Examples and Use Cases
Implementing inherited controls rigorously often introduces evidence-management overhead, requiring organisations to weigh audit efficiency against the cost of documenting scope, exceptions, and residual risk.
- A SaaS buyer relies on the provider’s encryption at rest, but must still record which data classes and tenant boundaries are covered by that assurance.
- A cloud workload inherits physical security, data-centre access monitoring, and some environmental controls from the hyperscaler, while the customer retains responsibility for identity, configuration, and data handling.
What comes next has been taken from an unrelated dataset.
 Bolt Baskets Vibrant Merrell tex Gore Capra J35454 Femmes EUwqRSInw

- A regulated team maps shared logging and availability controls to an inherited control register, then validates that the provider’s commitments match the contract and assurance reports.
- An NHI-heavy application inherits platform authentication protections, but still needs the customer to document service account ownership, secret storage, and revocation procedures. That distinction is central to the governance guidance in Ultimate Guide to NHIs — Standards.
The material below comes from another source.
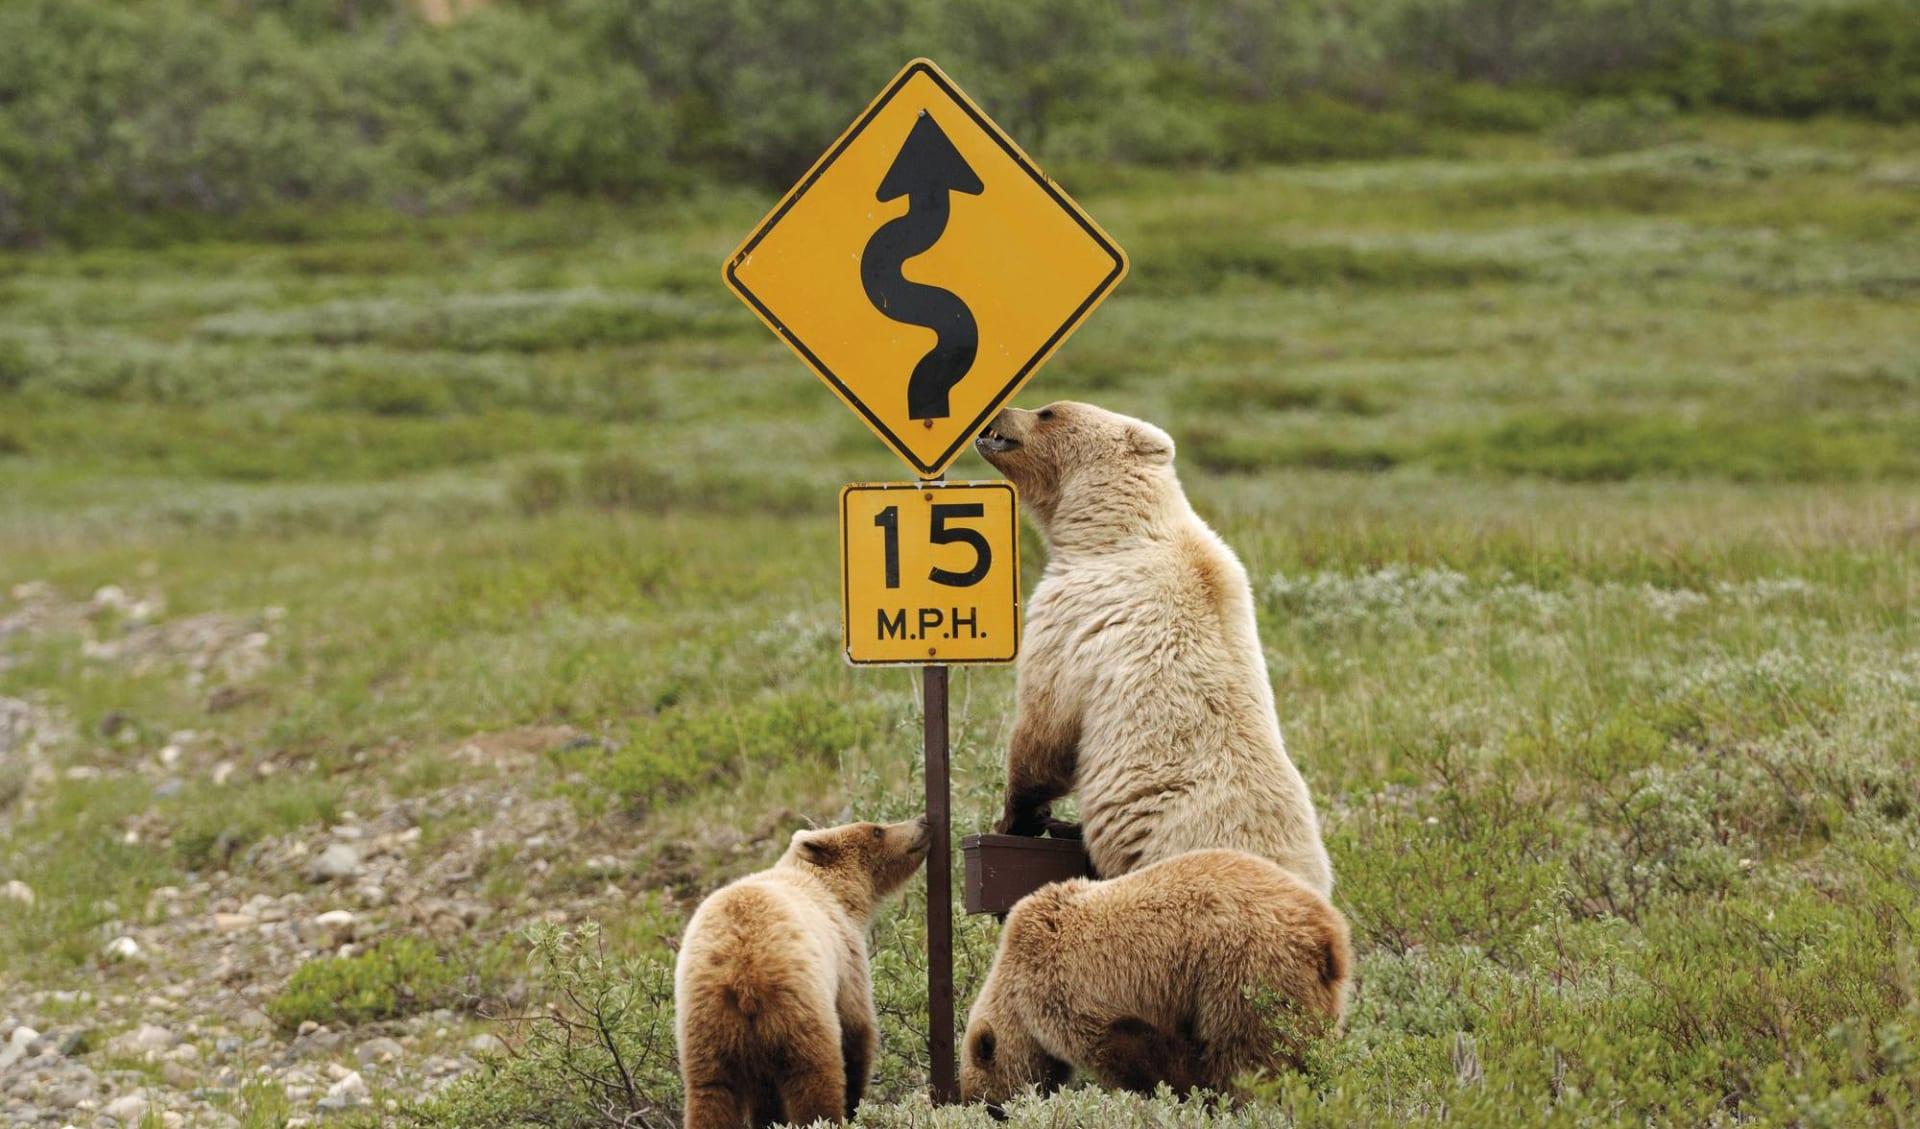 Kodiakbären hautnah ab Anchorage: Alaska - Bären

- A third-party assessment accepts the provider’s backup and disaster recovery controls only after reviewing the shared responsibility matrix and confirming the customer’s recovery objectives align with the service contract.
For organisations building cloud control libraries, inherited controls are often the difference between duplicating provider safeguards and focusing internal effort on what only the customer can manage. The NIST guidance on control outcomes supports that separation of duties, and the NHIMG research shows why it matters: Ultimate Guide to NHIs — Standards notes that 92% of organisations expose NHIs to third parties, which makes inherited trust assumptions especially sensitive when service accounts or API keys cross vendor boundaries.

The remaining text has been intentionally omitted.